● Task details: Where the data below shows a picture, leave that picture out and copy the rest exactly.

● Data block:
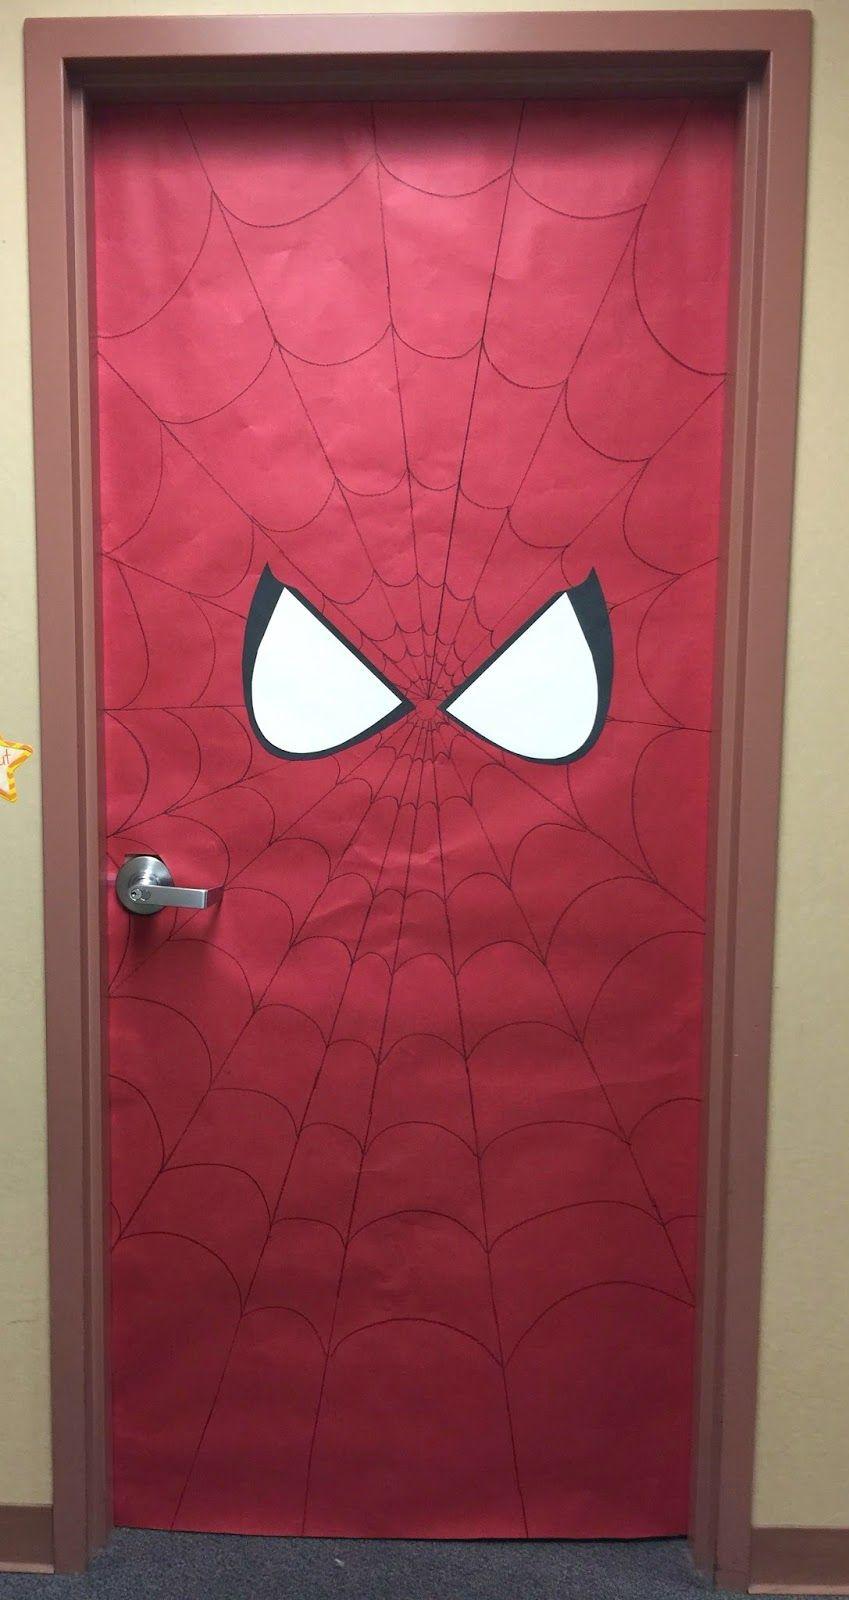 Spiderman Door · Geburtstagsparty IdeenEinladung Kindergeburtstag GeburtstagskuchenSommerfestFabelwesenKlassenzimmerKinderkramEinladungen Englisch
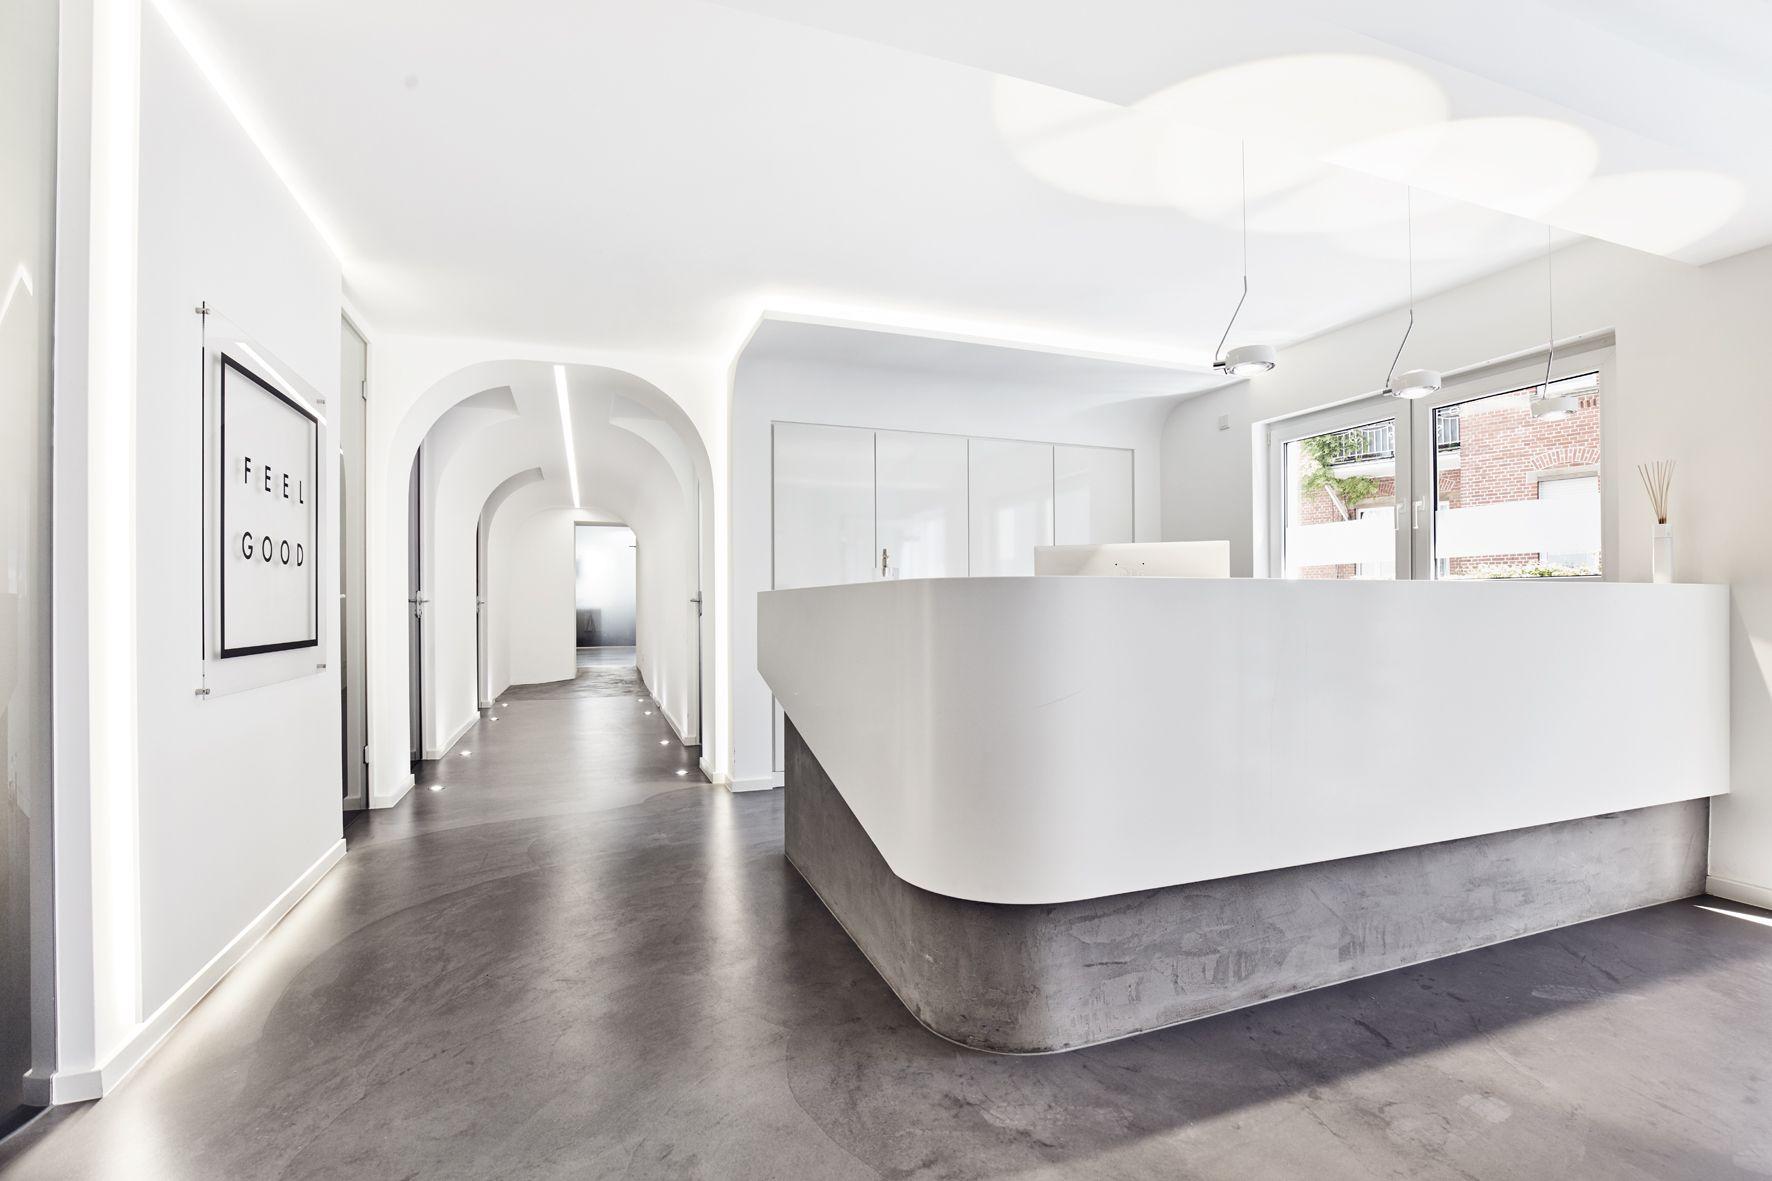 Mann Mobel Empfangstheke Passt Sich Wunderbar In Die Architektur Ein Empfangstheke Architektur Theken
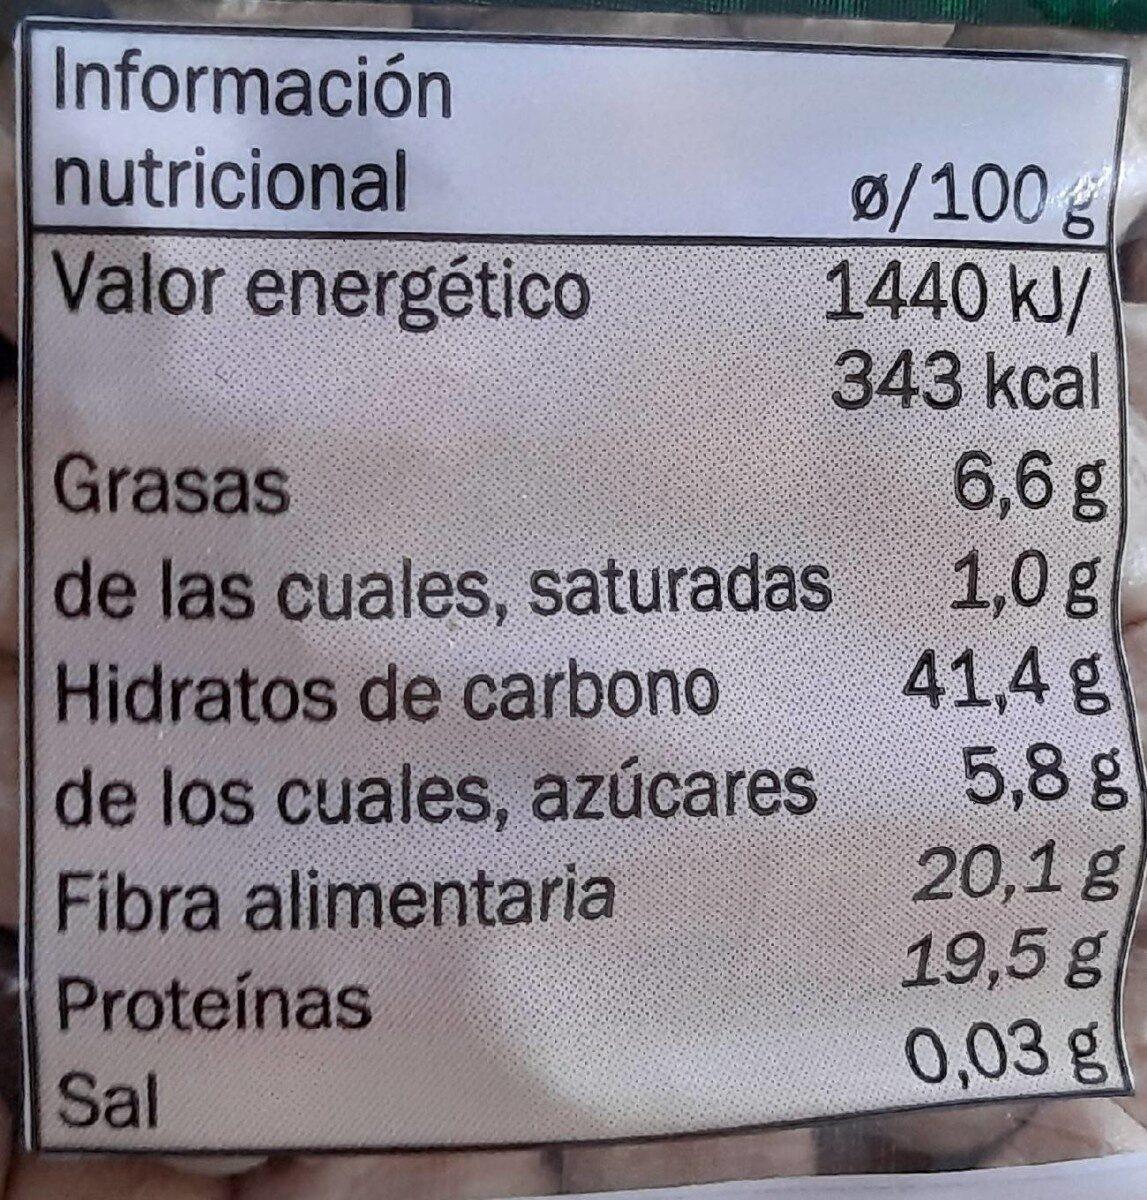 Garbanzos categoría extra - Información nutricional
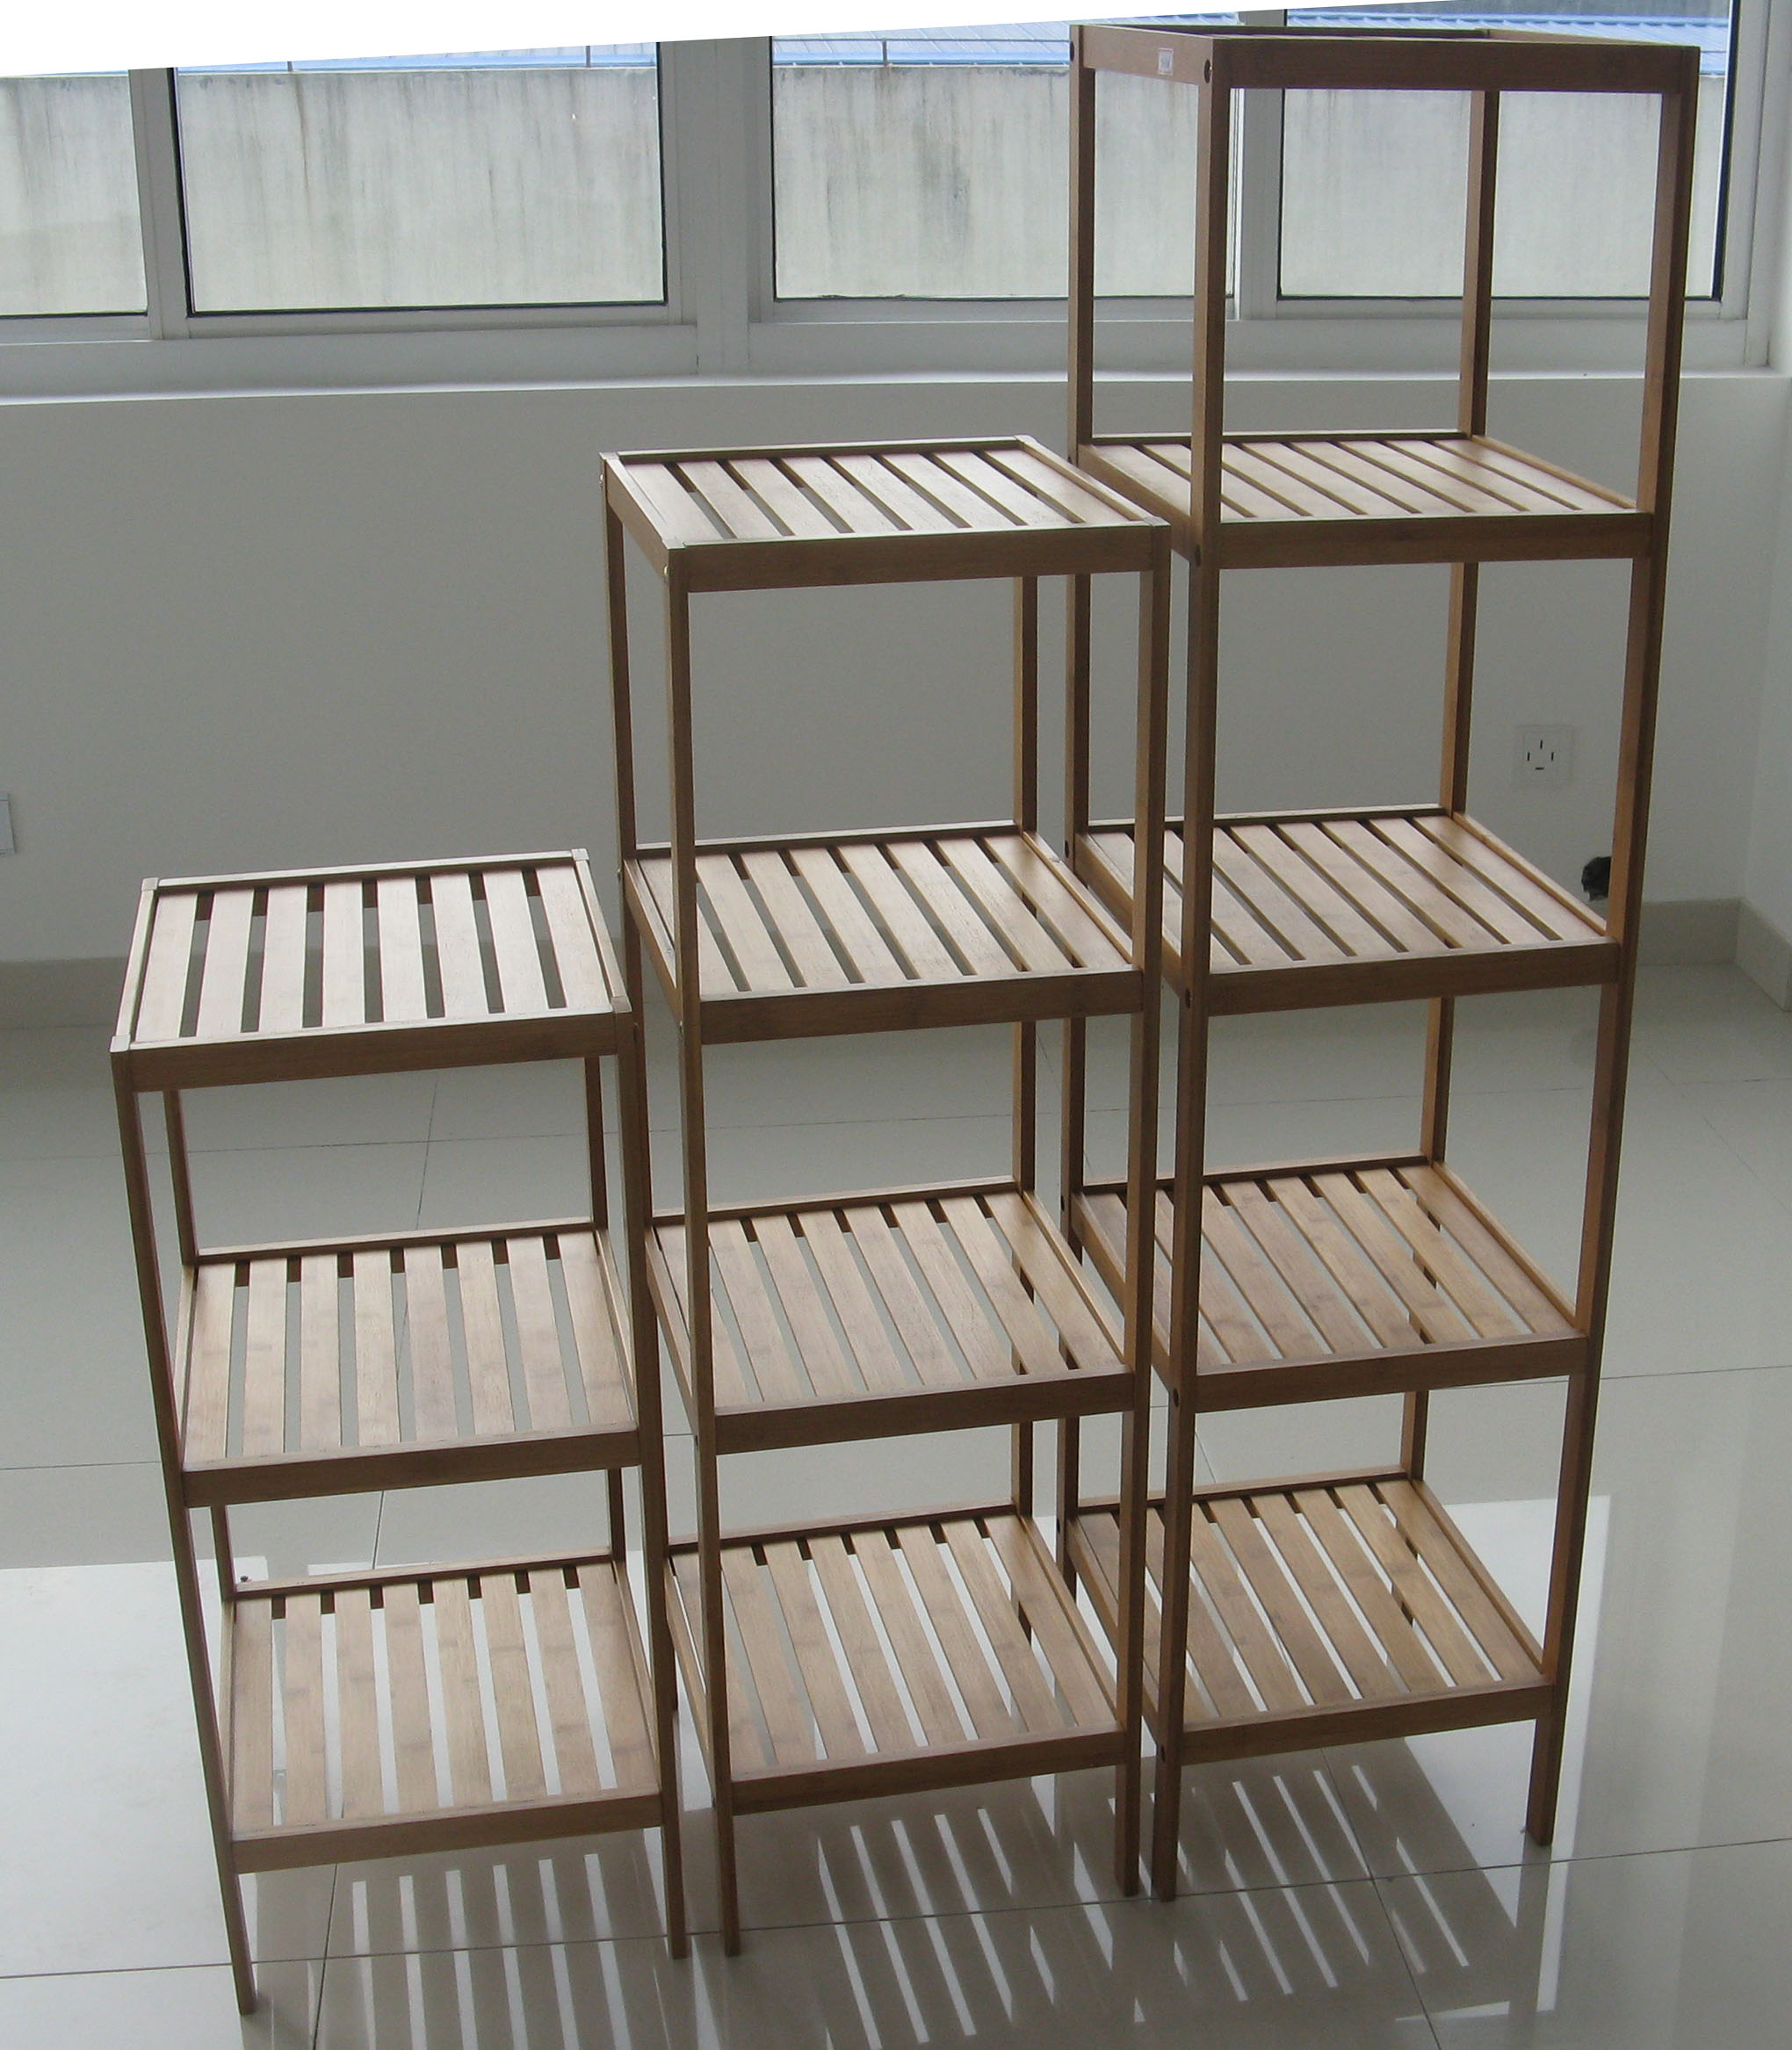 bamboo storage shelf greenbamboofurniture

● Final answer:
 Spiderman Door · Geburtstagsparty IdeenEinladung Kindergeburtstag GeburtstagskuchenSommerfestFabelwesenKlassenzimmerKinderkramEinladungen Englisch
 Mann Mobel Empfangstheke Passt Sich Wunderbar In Die Architektur Ein Empfangstheke Architektur Theken
 Garbanzos categoría extra - Información nutricional
 bamboo storage shelf greenbamboofurniture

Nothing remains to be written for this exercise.